The next morning, Clover was still cursing herself for not shaving during the past three days. She was into not being a slave to the industrial beauty complex as much as the next woman, but getting it on for the first time with Sawyer while her legs resembled a Carolina pine forest was not going to happen. She was all for adventure. What she wasn’t down for was giving Sawyer leg burn. So that meant she spent the night imagining her fake fiancé buck naked instead of actually getting to see the real thing, because nothing but stubbly legs was strong enough to pull her off his lap last night.

She had a good imagination, but she was beyond tired of using it, especially after feeling him pressed against her on the couch last night. Her heart thundered in her chest. Clover wanted the real thing.
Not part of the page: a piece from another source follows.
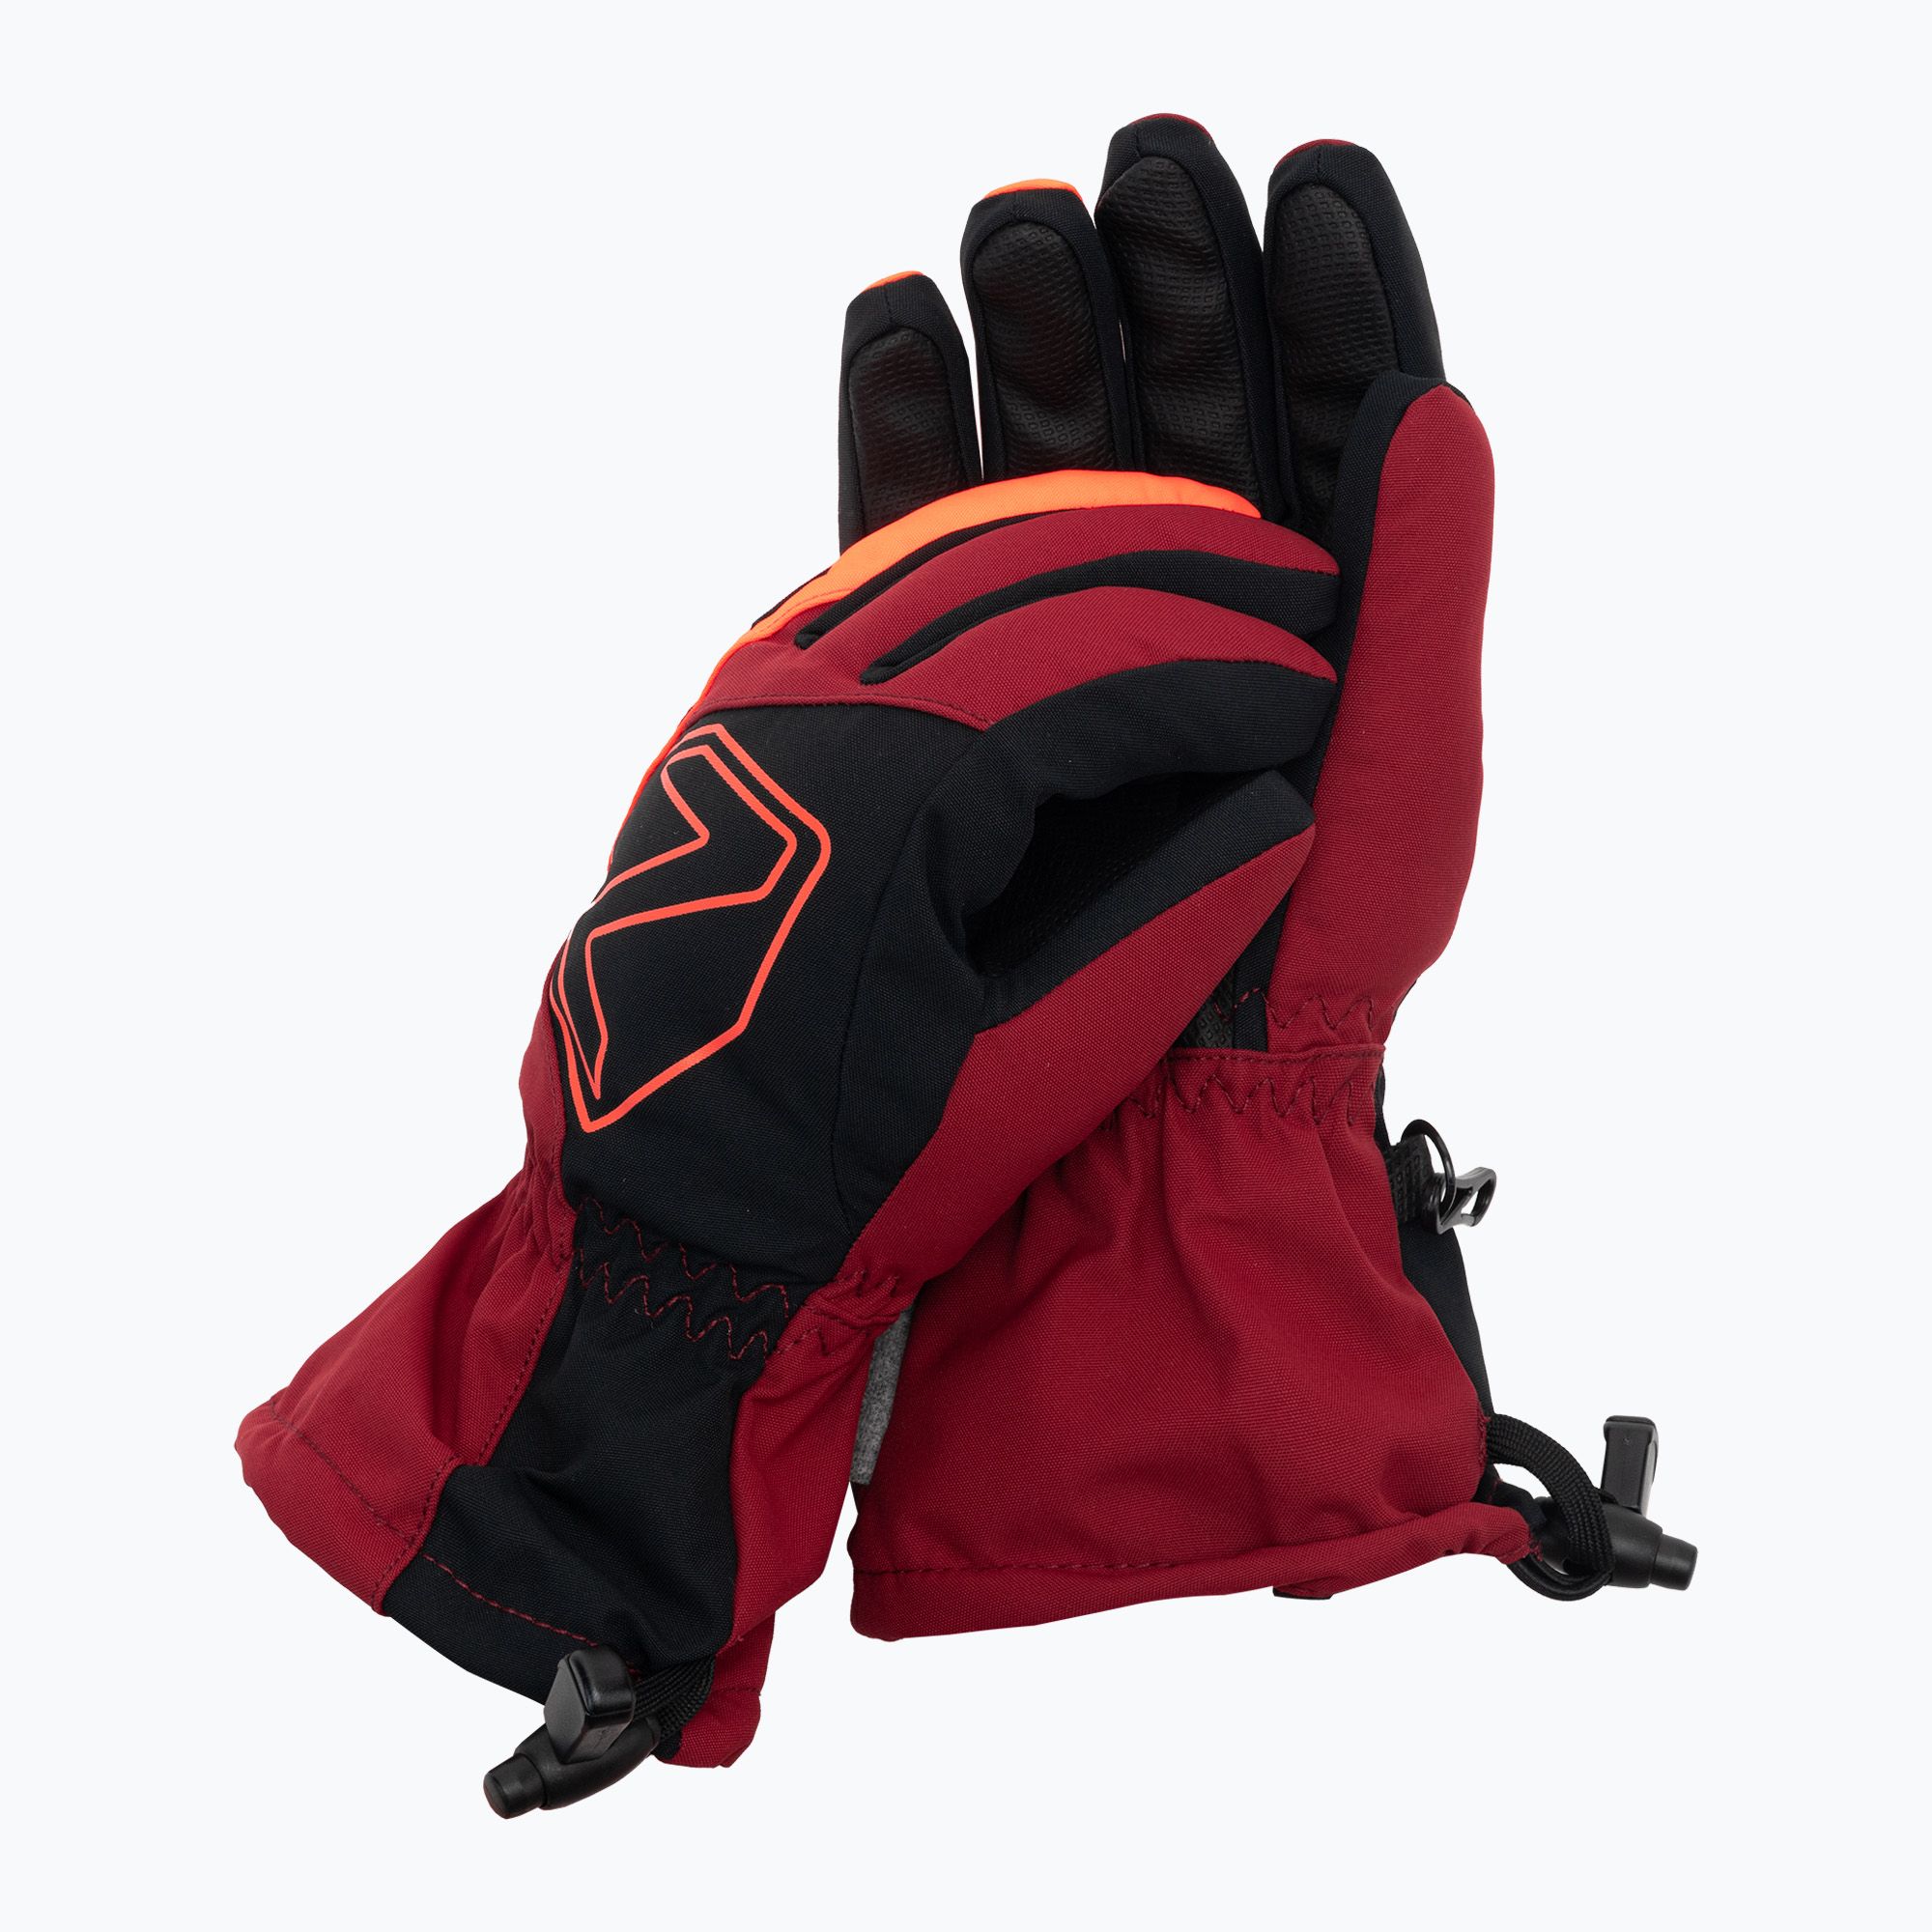 ZIENER Laval AS AW children\'s ski glove red 801995 |

Thanks to the insane shower—four, yes four, shower heads positioned above, behind, beside, and in front of her—she was smooth from her toes to her waist and lotioned up to a state of supreme softness. Catching her reflection in the mirror with her hair, wavy from the water, hanging past her bare shoulders, she jolted to a stop. With her eyelashes darkened by mascara and lightly lined in smoke-gray, she looked more than just a little bit like a younger version of her mother. It was enough to make her reach for the makeup remover in the medicine cabinet, but she stopped her hand halfway to its destination. Not for the first time, she wondered what her mother had been like before she’d gotten married, had kids, and settled into a life of small-town hell. There had been hints—throwaway comments about college trips to London, a summer spent road tripping, and the fact that just the word “Miami” made her mom turn six shades of red—that there was more to Laura Lee than hate-eating apple pie and pretending to be interested in the goings-on at the Moose Lodge.
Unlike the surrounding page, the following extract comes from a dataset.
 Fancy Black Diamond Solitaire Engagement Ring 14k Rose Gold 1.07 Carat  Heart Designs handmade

“What happened to you, Mom?” she asked her reflection. “Whatever it was, it’s not going to happen to me.”

She swiped on a shade of red lip gloss her mother would never wear and strode into the bedroom to throw on her favorite pair of worn-in jeans, pink “Stomp the Patriarchy” tank top, light gray cardigan, and slip-on tennis shoes. She whipped her hair up into a ponytail, grabbed her cross-body bag from where she’d hung it on a hook behind the door, took in a reaffirming deep breath, and strode out into the living room where absolutely no one was waiting.

“Sawyer, you have contractural obligations to meet,” she called out.

No response.

She walked to the edge of the hallway leading to his rooms, a flock of butterflies high on meth zooming around her belly. After a quick glance down the still hall, she pulled her phone out of her back pocket and checked the time. Ten after eight…so right on time for her but there was nothing about Sawyer that even hinted at him being late by even a minute. She connected the dots in a heartbeat.

He was trying to welch.

Oh, that was so not going to happen.

Before she’d even made up her mind as to what to do about it, she was down the hall and turning the knob on Sawyer’s door. It swung inward without a sound and she stepped inside.

His office was abandoned. Not a note or pen or crumpled piece of paper lay on his desk’s clean surface. The morning sunlight streaming through the window walls and making the metal and glass desk sparkle was the only sign of life in the room.